Suddenly, I couldn’t move my legs, I couldn’t even scream, I just tried to grab on to the banister. I was falling backward. I hit the walls with my hand as hard as possible and then my face hit the carpet on the stair and I was sliding down on my butt. The rug on each stair was burning the side of my face, it was like underwater.

There was no space in me for breathing.

I lifted my head up and dropped it. I was lying on the floor of the downstairs. It was dark because I hadn’t turned on the light. I was trying to breathe.

Trying to breathe.

That was when Nina appeared.

I clutched at the air.

She chatted,
Hi, I’m Nina, your FeedTech customer assistance representative. Have you noticed panic can lead to big-time underarm odor? A lot of girls do. No sweat! Why not check out the brag collection of perspiration-control devices at the DVS Superpharmacy Hypersite? But that’s not why I’m here, Violet.
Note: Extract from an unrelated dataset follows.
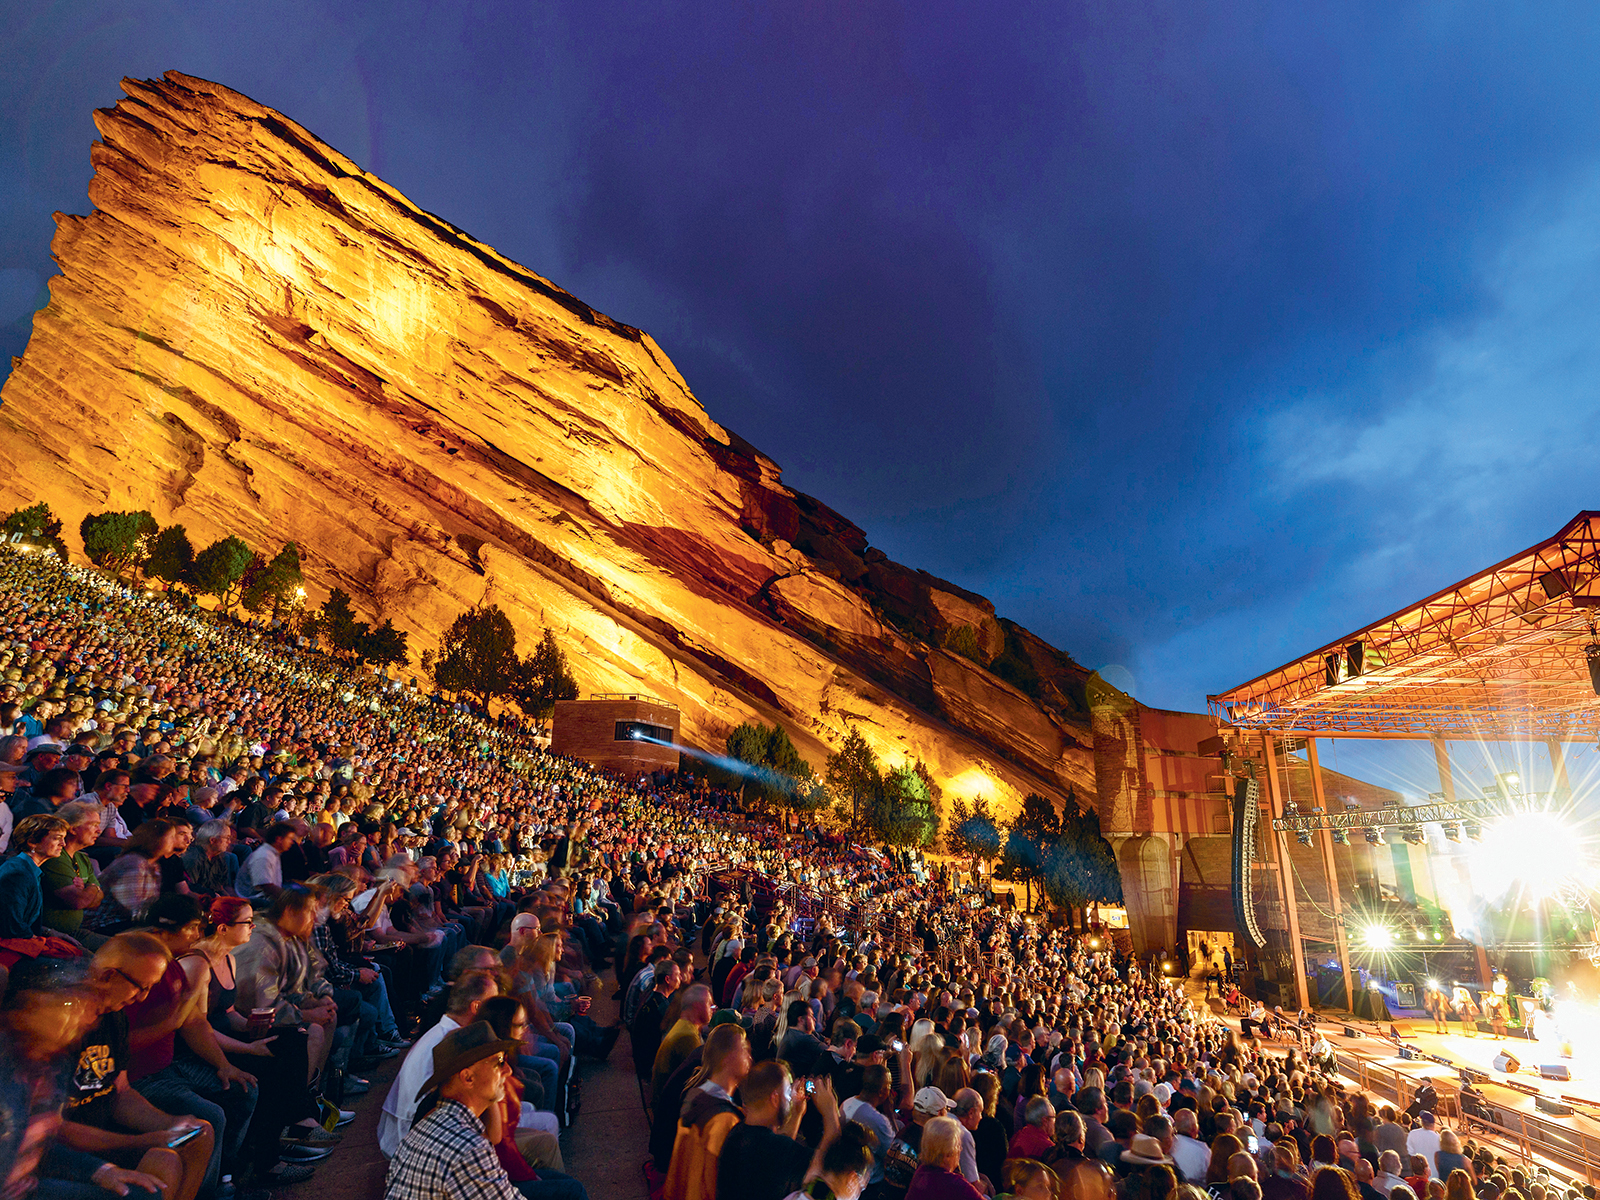 A full crowd watch a concert at Red Rocks Amphitheatre, near Denver, Colorado

First little breaths, then bigger ones, then finally I could feel my face and my back hurting, and I had my wind back. My legs were in funny places and I couldn’t feel them at all.

Nina said,
I’m here to inform you that FeedTech Corp has decided to turn down your petition for complimentary feed repair and/or replacement.
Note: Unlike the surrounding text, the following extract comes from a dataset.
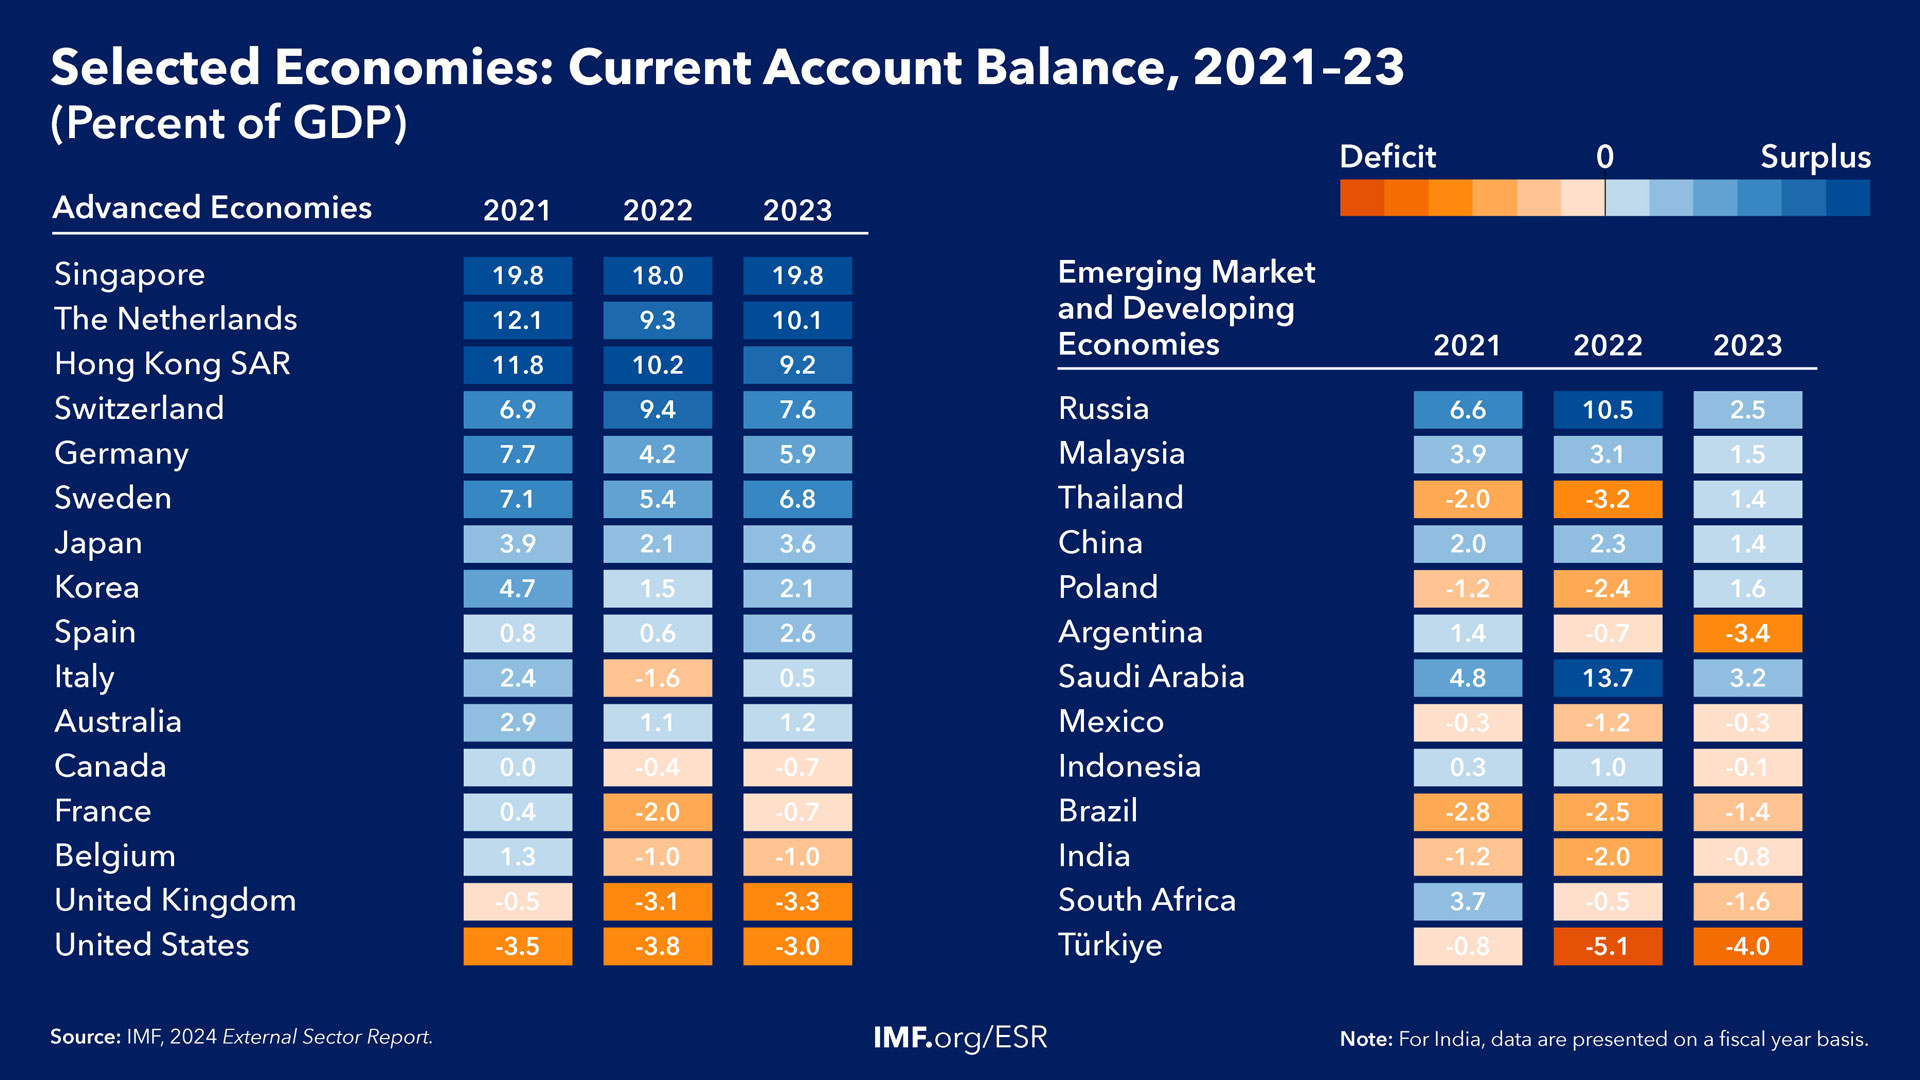 Selected Economies: Current Account Balance, 2021-23 (Percent of GDP)

“No,” said Violet/me out loud. “No, fuck you. Please. Please. No.”

We have also tried to interest other corporate investors in your case.

Violet was like,
Please. Please. I need help.
We couldn’t move our legs. We were lying there, and we couldn’t move them, and Nina was saying,
We tried our best to interest a variety of possible corporate sponsors, but we regret to tell you that you were turned down.

What? Why?

We’re sorry, Violet Durn. Unfortunately, FeedTech and other investors reviewed your purchasing history, and we don’t feel that you would be a reliable investment at this time. No one could get what we call a “handle” on your shopping habits, like for example you asking for information about all those wow and brag products and then never buying anything. We have to inform you that our corporate investors were like, “What’s doing with this?” Sorry — I’m afraid you’ll just have to work with your feed the way it is.
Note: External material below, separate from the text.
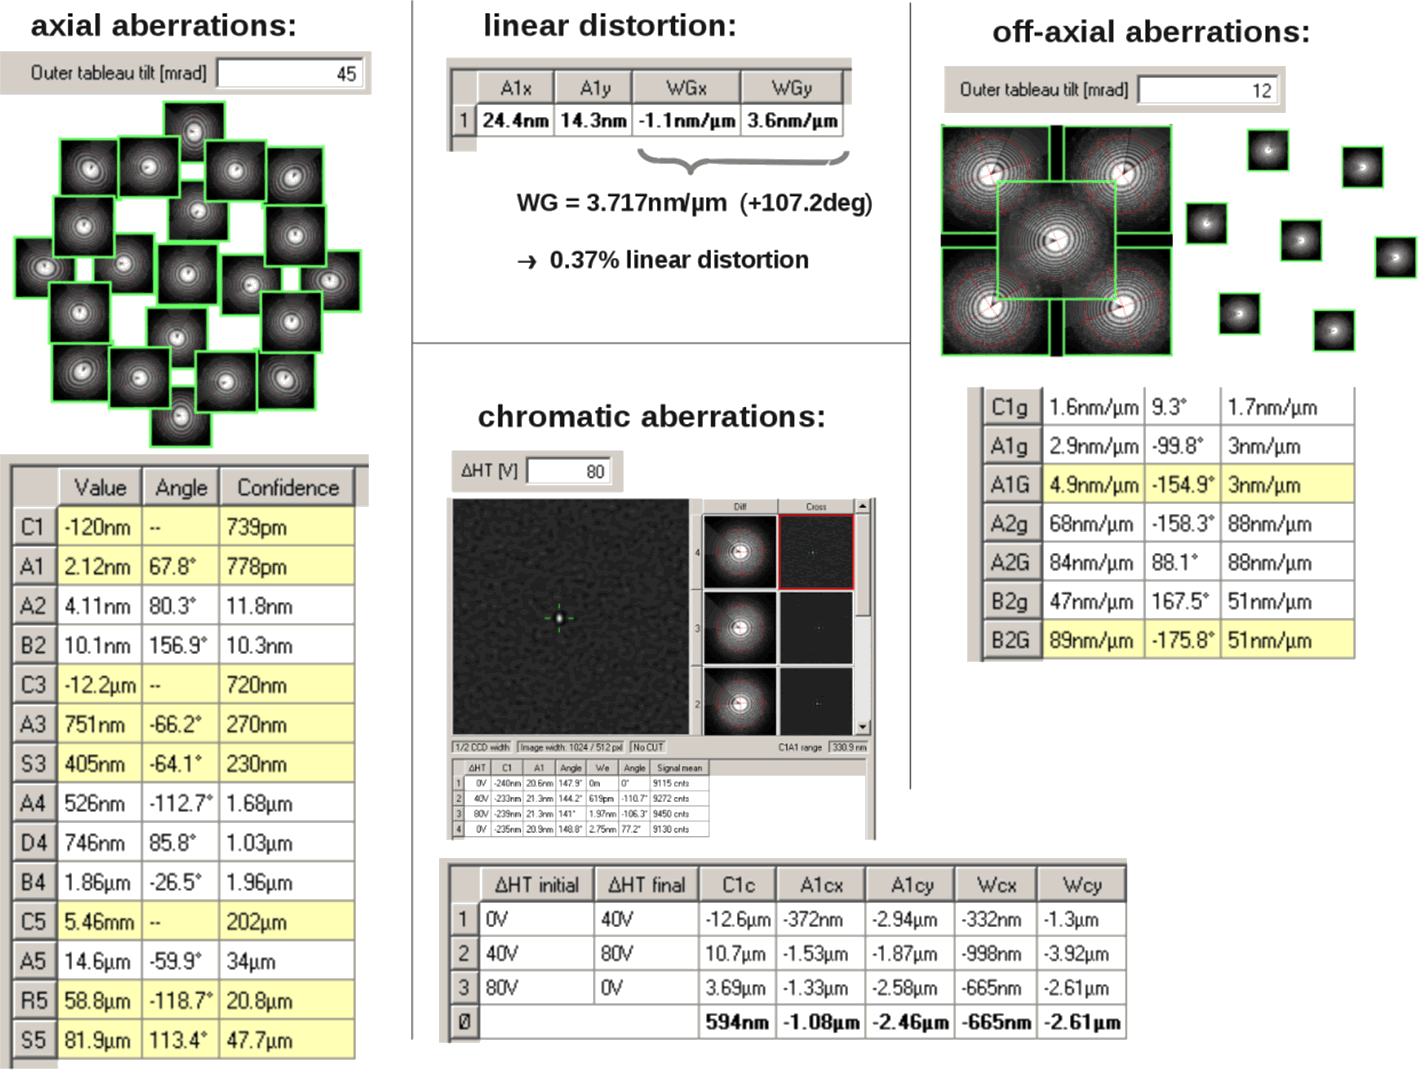 Screenshots from aberration measurement for the SALVE II microscope

Violet lay back down in the dark, her legs starting to sting. She called out loud for her dad. She was sobbing.

Maybe, Violet, if we check out some of the great bargains available to you through the feednet over the next six months, we might be able to create a consumer portrait of you that would interest our investment team. How ’bout it, Violet Durn? Just us, you and me — girls together! Shop till you stop and drop!

Go away,
Violet said in a burst over the feed.
Go away. Go — away.

Nina smiled.
I’ve got a galaxy of super products we can try together!

Please. I’m alone in the house and I fell down. Please go away. Please don’t help.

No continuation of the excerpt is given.